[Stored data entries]

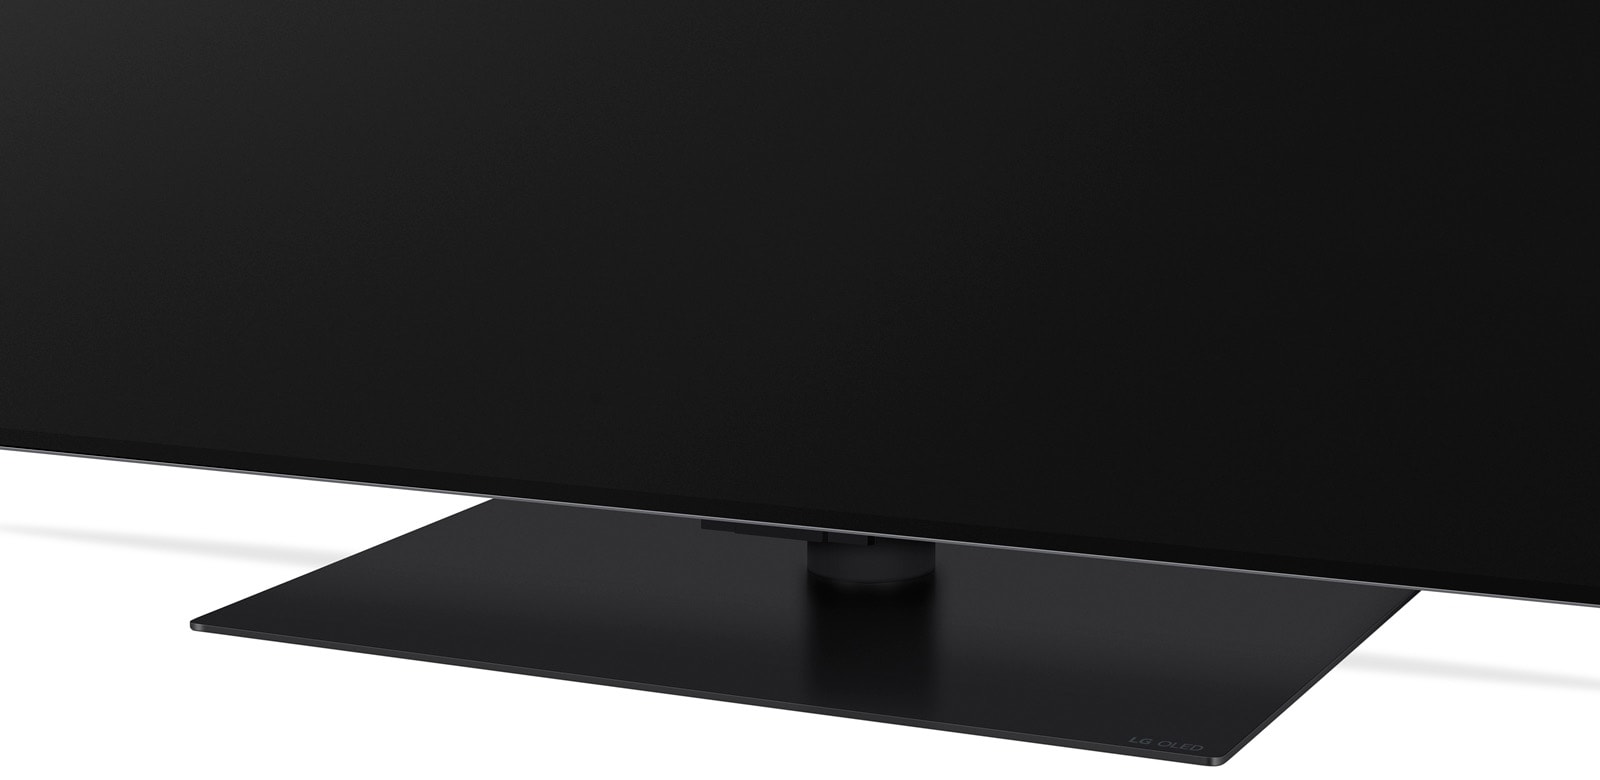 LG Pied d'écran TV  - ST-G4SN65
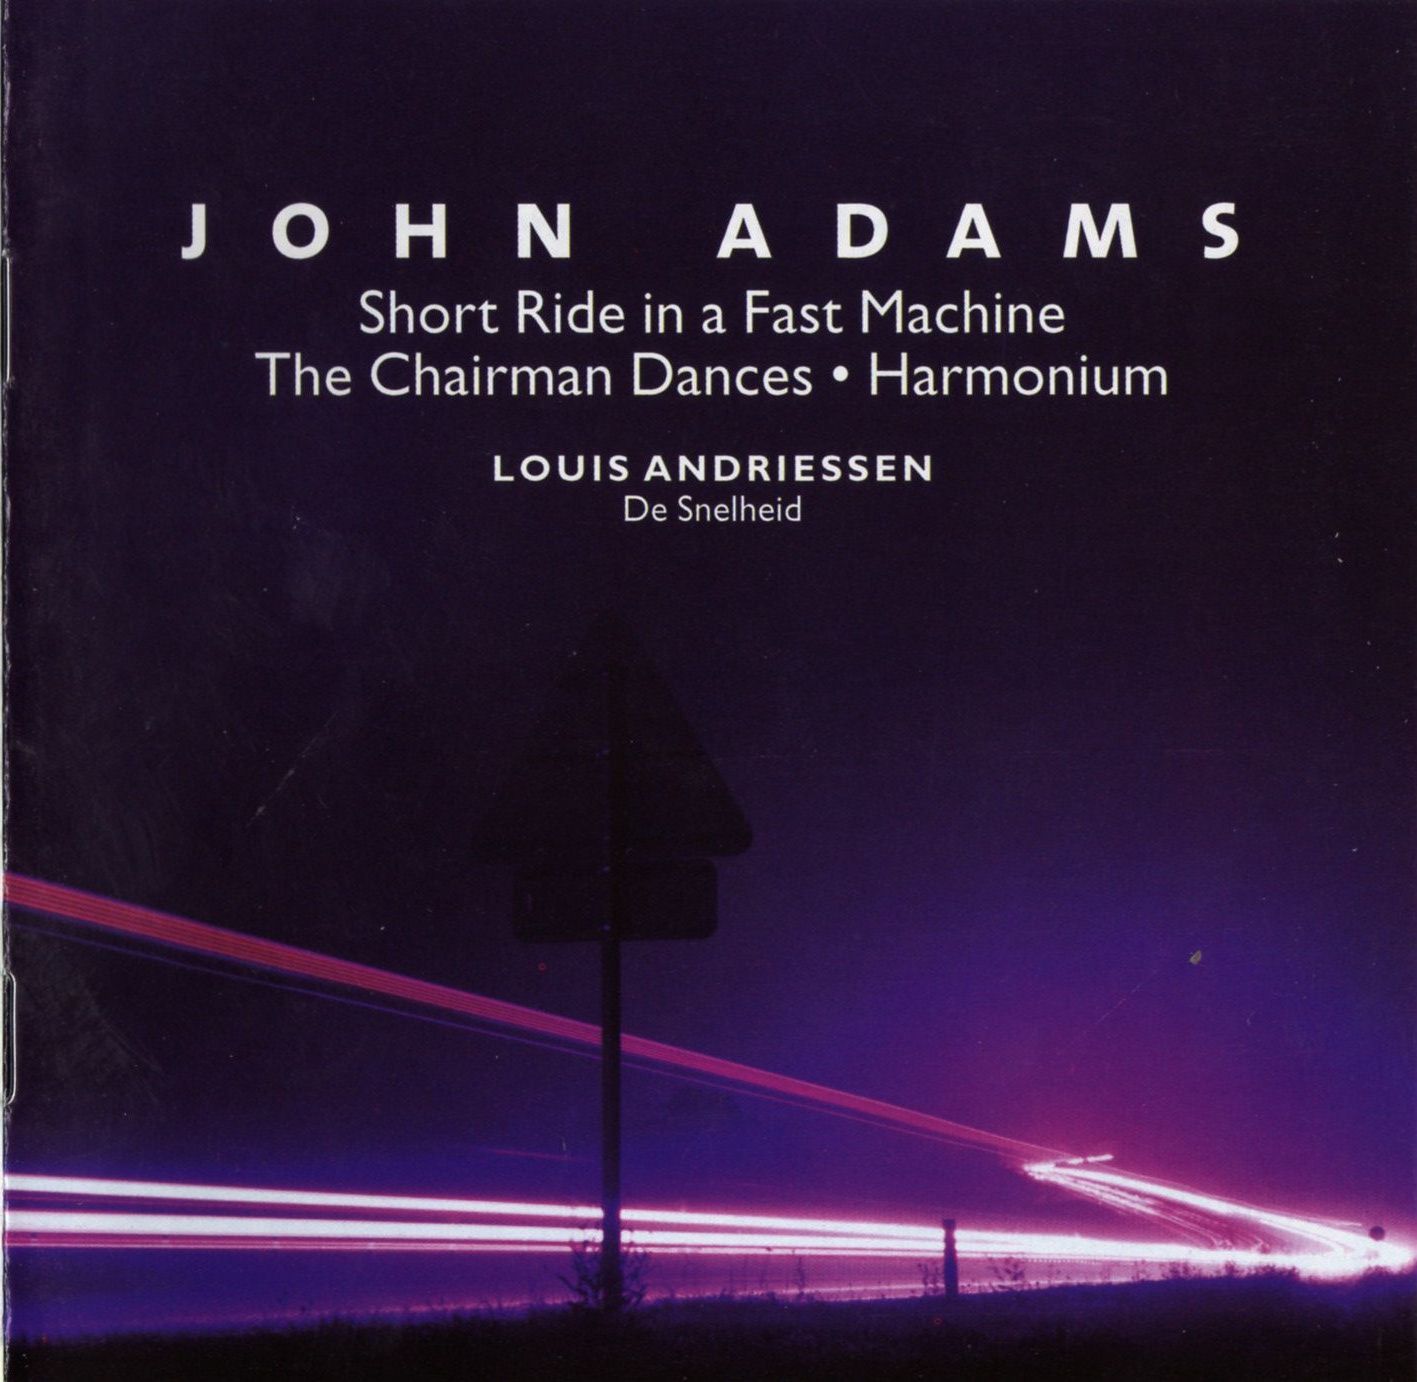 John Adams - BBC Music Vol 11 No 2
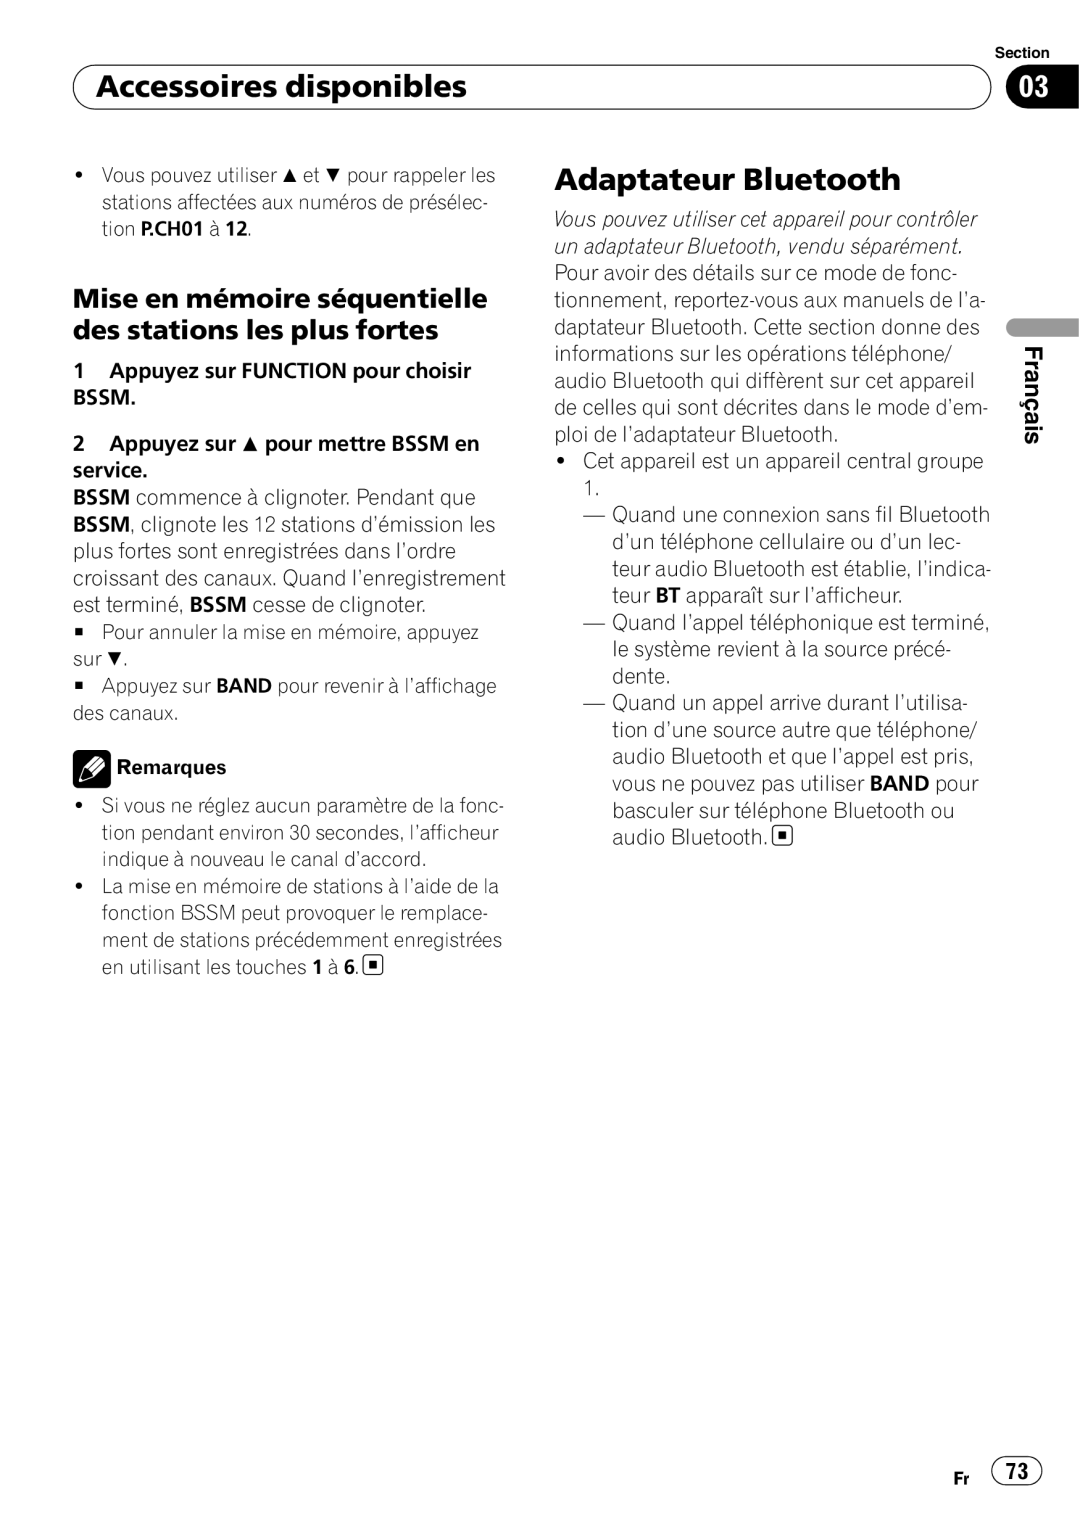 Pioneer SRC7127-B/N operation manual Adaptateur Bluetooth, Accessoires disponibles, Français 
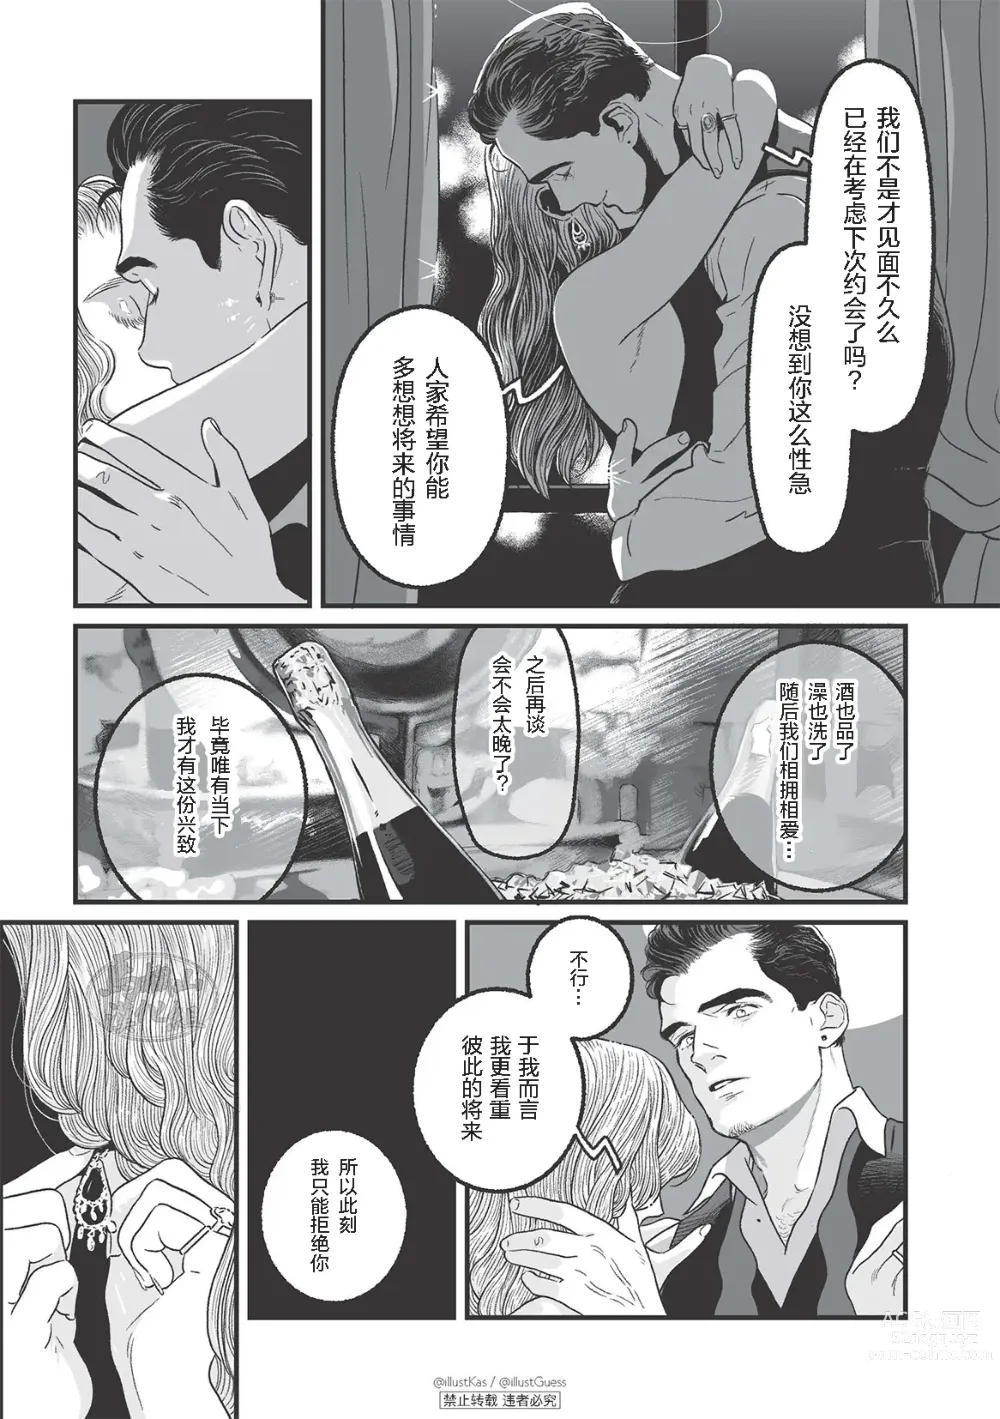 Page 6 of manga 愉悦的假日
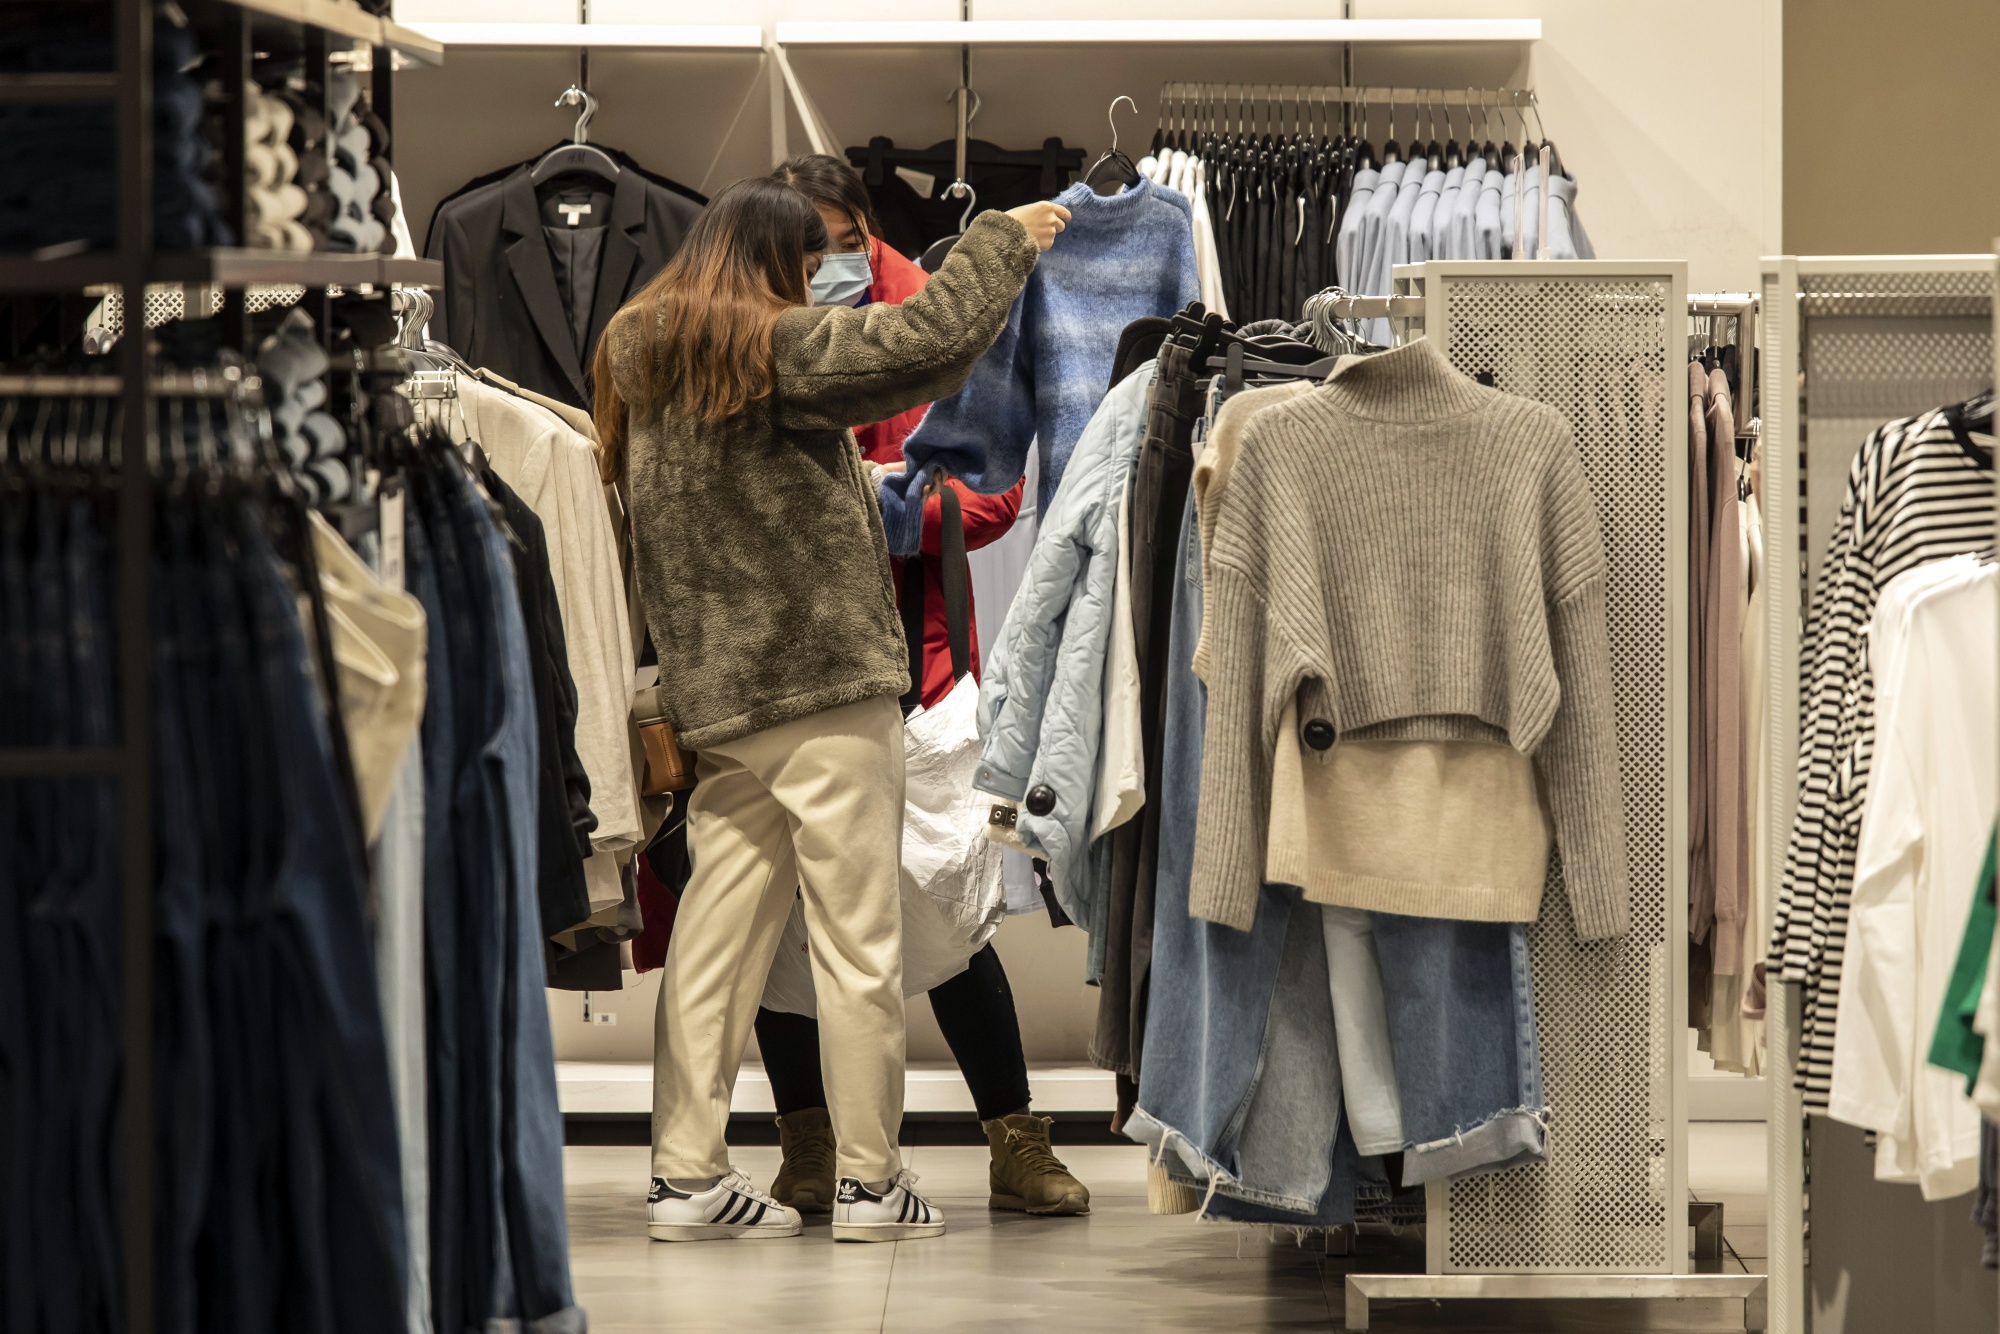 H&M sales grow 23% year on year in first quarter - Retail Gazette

§ **Exercise description**:
Beginning with the line that contains "Page 6 of manga 愉悦的假日" and ending with the final line of the entries, every line must be copied exactly; the pictures must not.

§ **Task solution**:
 Page 6 of manga 愉悦的假日
 H&M sales grow 23% year on year in first quarter - Retail Gazette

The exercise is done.